Un cohete criogénico, señor@s, no es moco de pavo: el oxígeno permanece líquido entre los -183º y los -218º. Y las bombas que impulsan ese líquido letal a la cámara de combustión deben soportar esas temperaturas, y de yapa unas fuerzas G que te la cuento, porque giran a entre 30 y 35.000 rpm. Y todo sin hacerse pedazos por fragilización térmica de sus materiales. ¿De qué las hacen, esas bombas? ¿Qué lubricantes usan? Varotto no te lo va a decir y Héctor “Cacho” Otheguy, gerente de INVAP, el contratista principal de ingeniería de la CONAE, tampoco. Pero es todo “made in Argentina”. El proveedor externo que te quiera dejar en tierra, está fregado.

La segunda etapa usa propelentes líquidos más convencionales y “cincuentosos”, almacenables a temperatura ambiente: monometilhidracina como combustible y tetróxido de nitrógeno como comburente. Nada de creerse que son tan amigables: los derivados de la hidracina corroen tanques y caños titanio como lijas químicas, de modo que hay que cargarlos a último momento, y de yapa –en caso de derrame- son volátiles y muy tóxicos. Si los cohetes de combustión líquida fueran menos neuróticos, habría decenas de países con puesta en órbita propia. Sólo hay nueve. Y un aspirante: nosotros.

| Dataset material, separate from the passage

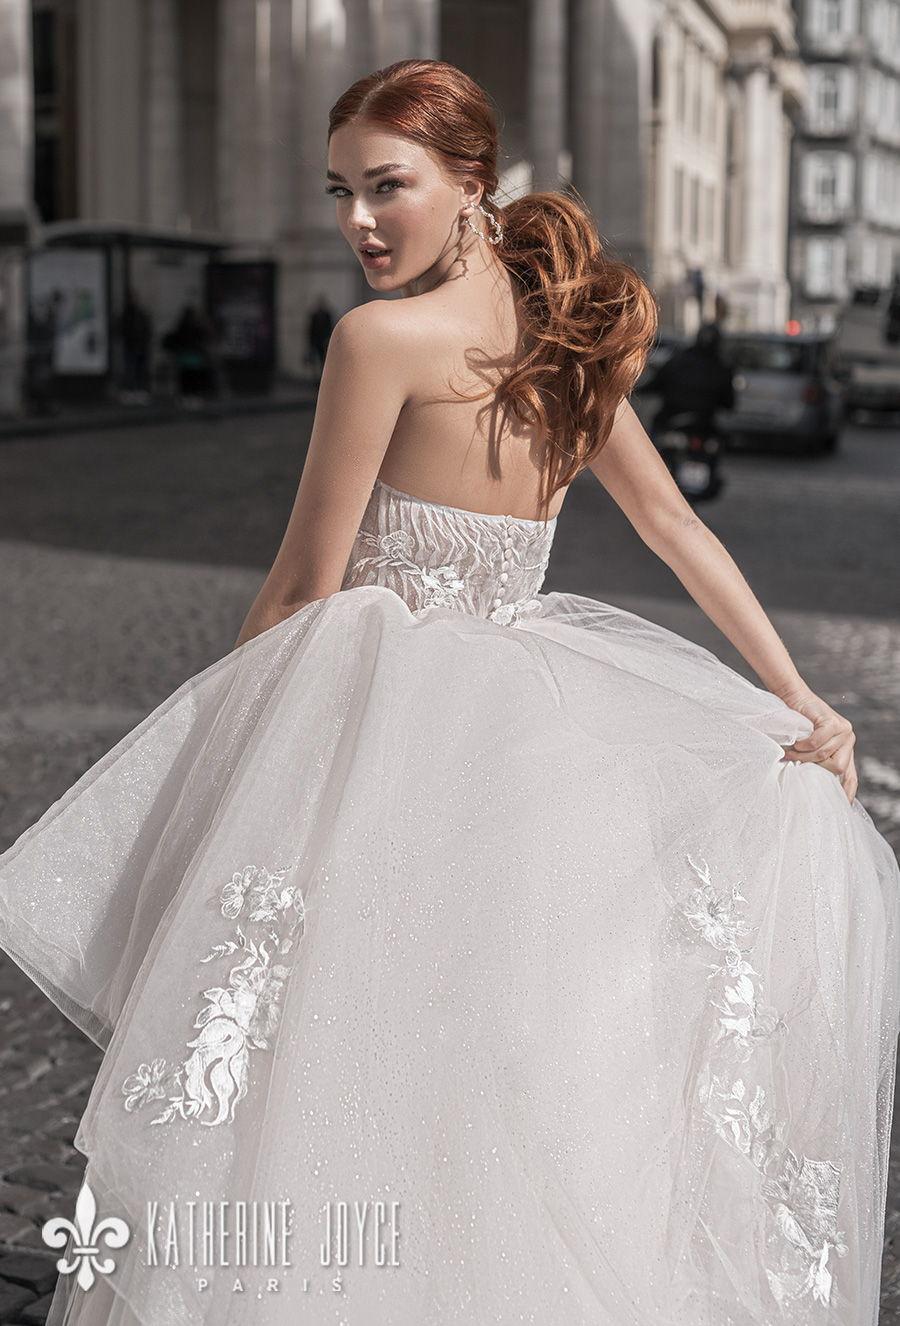 katherine joyce 2021 naples bridal off the shoulder half lantern sleeves sweetheart neckline heavily embellished bodice tiered skirt romantic a line wedding dress mid back (kaya) zbv

Las dos etapas en sí ya son una novedad para la Argentina, y la separación limpia y a tiempo, un riesgo tecnológico adicional. Me pongo nervioso de sólo contarlo.

Brasil estuvo muchos años tratando de llegar a esto y tiró el guante tras un accidente en lanzamiento el 22 de agosto de 2003 que mató a 23 personas, entre ellas parte de la plana mayor técnica de la Agencia Espacial Brasileira (AEB). Nadie pensó que los vecinos abandonarían, máxime con el éxito que han tenido como país aeronáutico desde 1969 gracias a Embraer, y menos que menos cuando Lula ganó las elecciones. Pero tiraron oficialmente la toalla en febrero de este año.

Los brasileños tenían una tecnología de propulsión más sencilla y lógica para cualquier debutante espacial. Es la misma que tuvimos en Argentina hasta que no nos dejaron: combustible sólido, una mezcla de gomas con oxidantes y aluminio finísimamente pulverizado llamada genéricamente “grano”. La usan todos los misiles aeronáuticos, y era lo que movía a nuestro Cóndor II antes de que llegaran Carlos Menem y Guido di Tella a destruirlo.